MACアドレスやIPアドレスなどのフィールドによっては、さらにマスクを指定することができます。

インストラクション

インストラクションは、マッチに該当するパケットを受信した時の動作を定義するもので、 次のタイプが規定されています。

インストラクション 説明
Goto Table (必須)

OpenFlow 1.1以降では、複数のフローテーブルがサポートされています。Goto Tableによって、マッチしたパケットの処理を、指定したフローテーブルに引き継ぐことができます。例えば、「ポート1で受信したパケットにVLAN-ID 200を付加して、テーブル2へ飛ぶ」といったフローエントリが設定できます。
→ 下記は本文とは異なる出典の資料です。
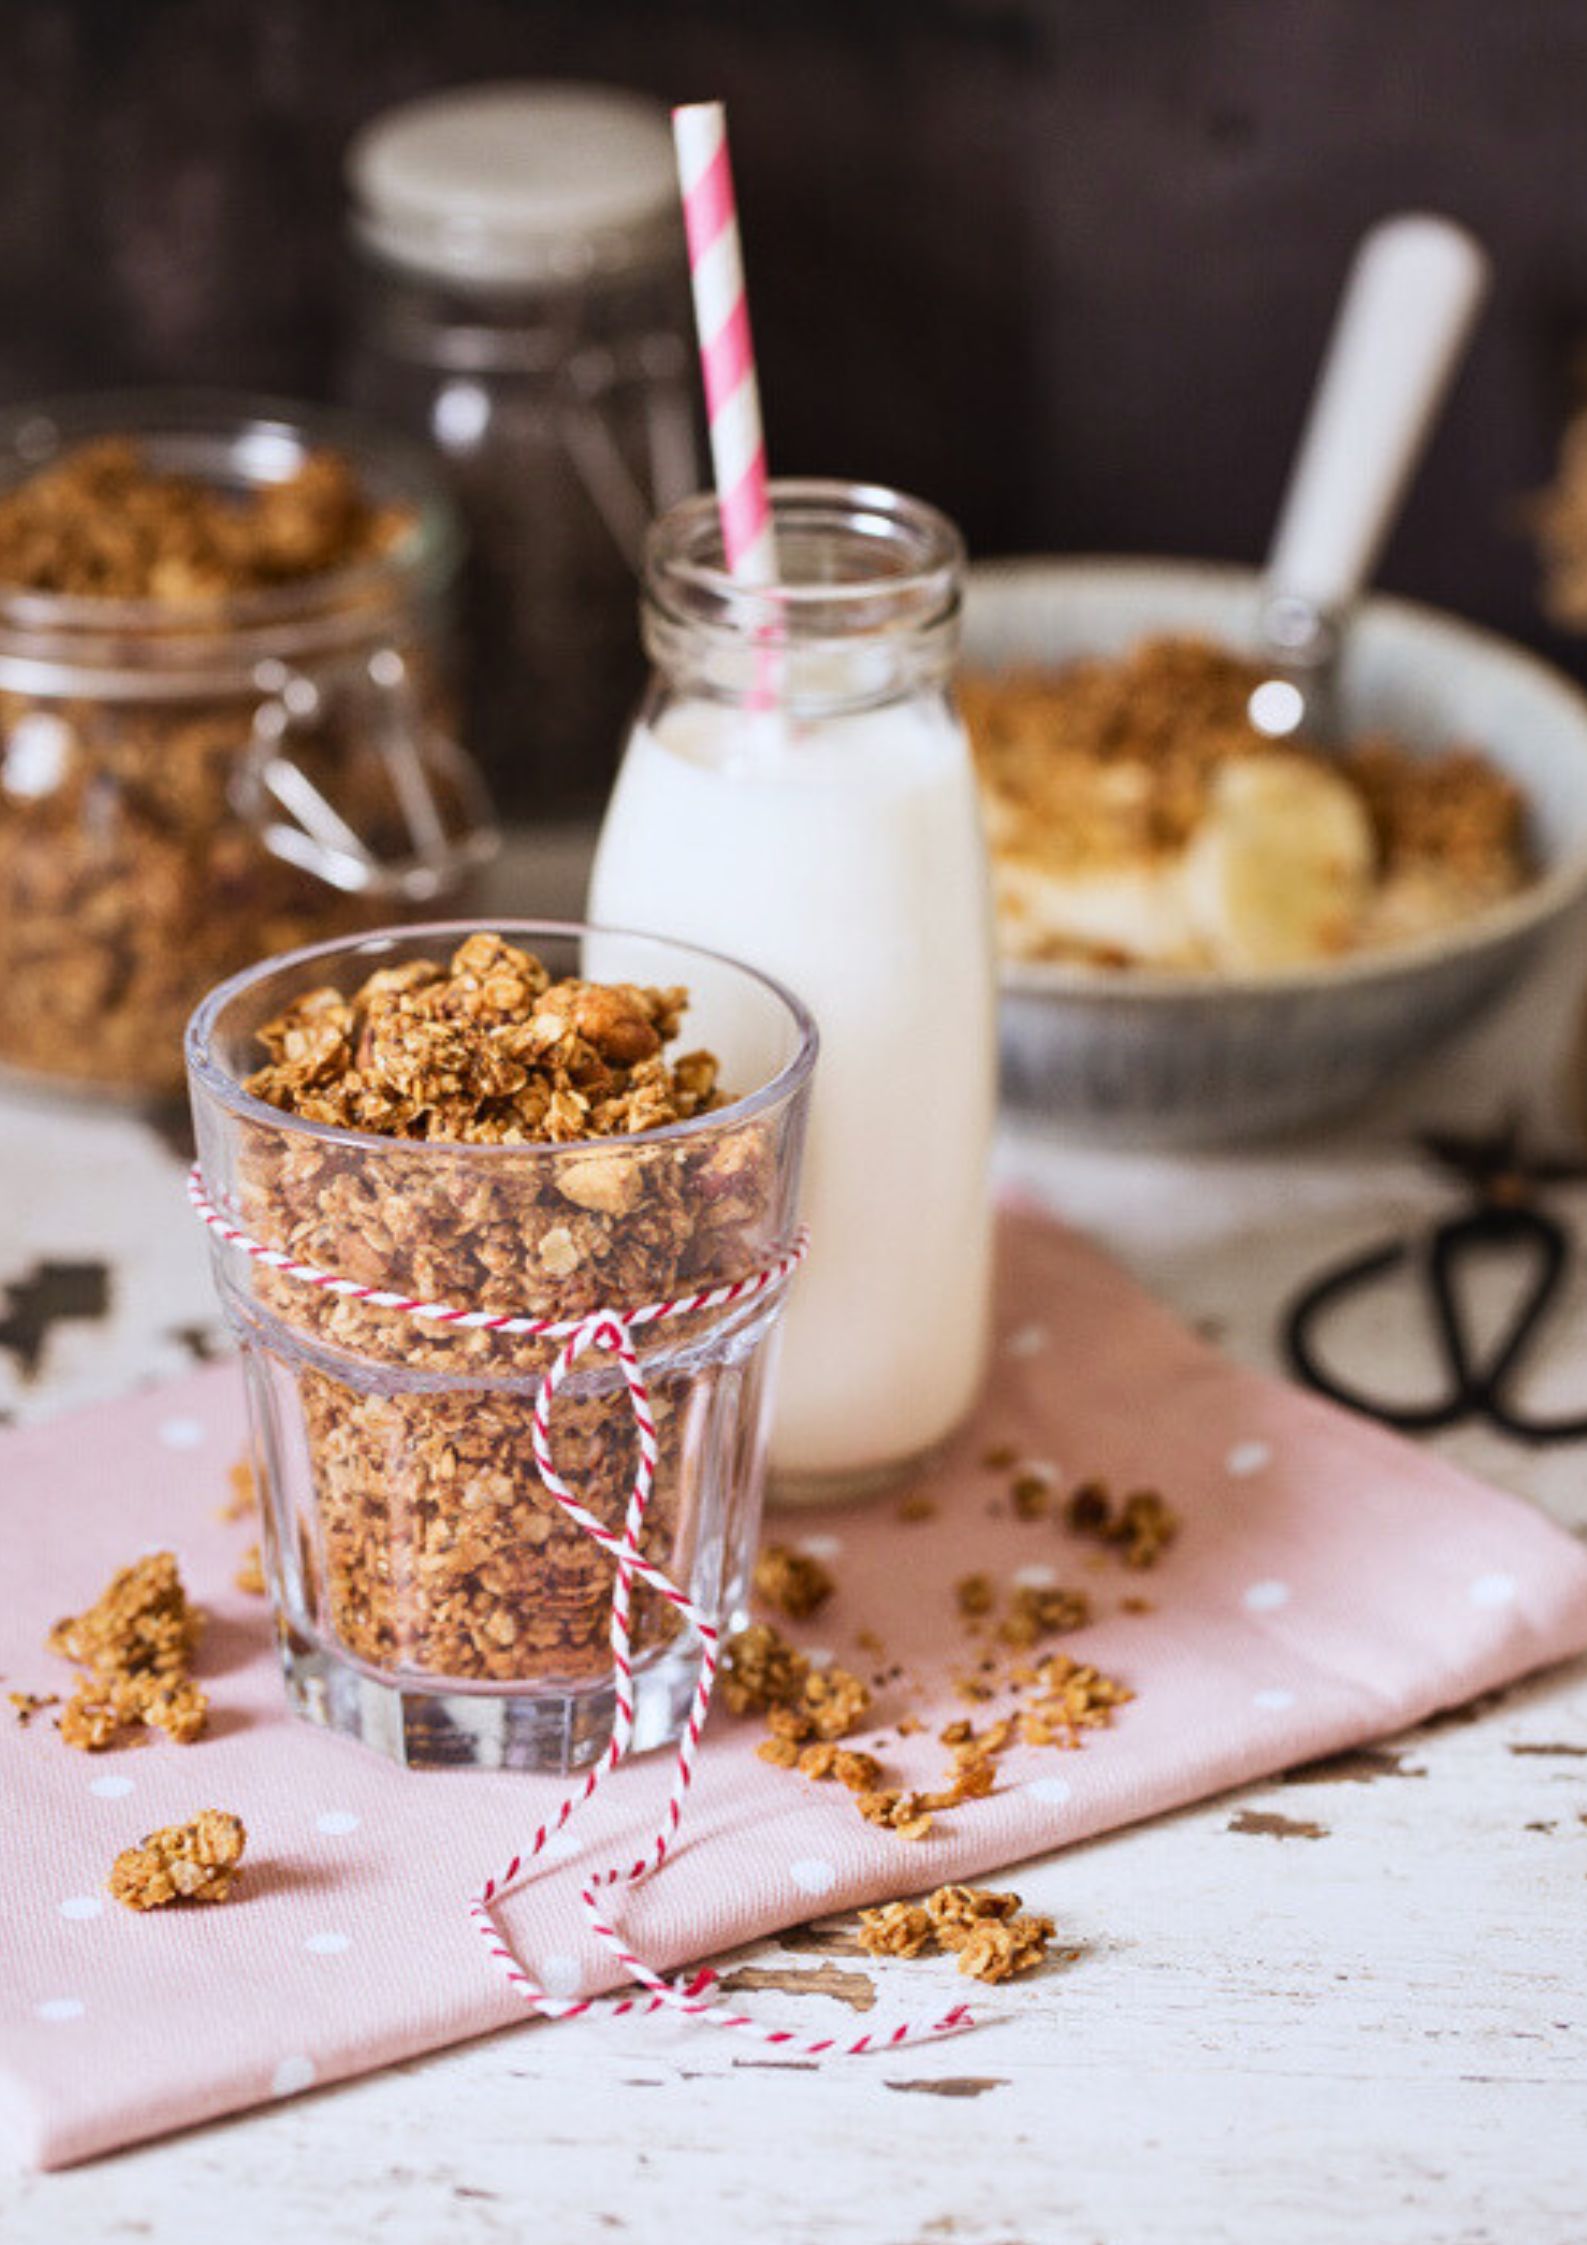 This healthy homemade granola made with chopped nuts, peanut butter and dark chocolate chips is the perfect make ahead breakfast or quick snack! Sugar free and gluten free too! Recipe on thecookandhim.com | #granola #homemadegranola #healthygranola #sugarfreebreakfast

指定するテーブルIDは、現在のテーブルIDより大きい値でなければなりません。

Write Metadata (オプション) 以降のテーブルで参照できるメタデータをセットします。
Write Actions (必須) 現在のアクションセットに指定されたアクションを追加します。同じタイプのアクションが既にセットされていた場合には、新しいアクションで置き換えられます。
Apply Actions (オプション) アクションセットは変更せず、指定されたアクションを直ちに適用します。
Clear Actions (オプション) 現在のアクションセットのすべてのアクションを削除します。
Meter (オプション) 指定したメーターにパケットを適用します。

Ryuでは、各インストラクションに対応する次のクラスが実装されています。

  • OFPInstructionGotoTable
  • OFPInstructionWriteMetadata
  • OFPInstructionActions
  • OFPInstructionMeter

Write/Apply/Clear Actionsは、OPFInstructionActionsにまとめられていて、インスタンス生成時に選択します。

注釈

Write Actionsのサポートは仕様上必須とされていますが、古いバージョンのOpen vSwitchでは未実装であり、代替としてApply Actionsを使用する必要がありました。Open vSwitch 2.1.0からはWrite Actionsのサポートが追加されました。

アクション

OFPActionOutputクラスは、Packet-OutメッセージやFlow Modメッセージで使用するパケット転送を指定するものです。コンストラクタの引数で転送先と、コントローラへ送信する場合は最大データサイズ(max_len)を指定します。転送先には、スイッチの物理的なポート番号の他にいくつかの定義された値が指定できます。

説明
OFPP_IN_PORT 受信ポートに転送されます
OFPP_TABLE 先頭のフローテーブルに摘要されます
OFPP_NORMAL スイッチのL2/L3機能で転送されます
OFPP_FLOOD 受信ポートやブロックされているポートを除く当該VLAN内のすべての物理ポートにフラッディングされます
OFPP_ALL 受信ポートを除くすべての物理ポートに転送されます
OFPP_CONTROLLER コントローラにPacket-Inメッセージとして送られます
OFPP_LOCAL スイッチのローカルポートを示します
OFPP_ANY Flow Mod(delete)メッセージやFlow Stats Requestsメッセージでポートを選択する際にワイルドカードとして使用するもので、パケット転送では使用されません

max_lenに0を指定すると、Packet-Inメッセージにパケットのバイナリデータは添付されなくなります。OFPCML_NO_BUFFERを指定すると、OpenFlowスイッチ上でそのパケットをバッファせず、Packet-Inメッセージにパケット全体が添付されます。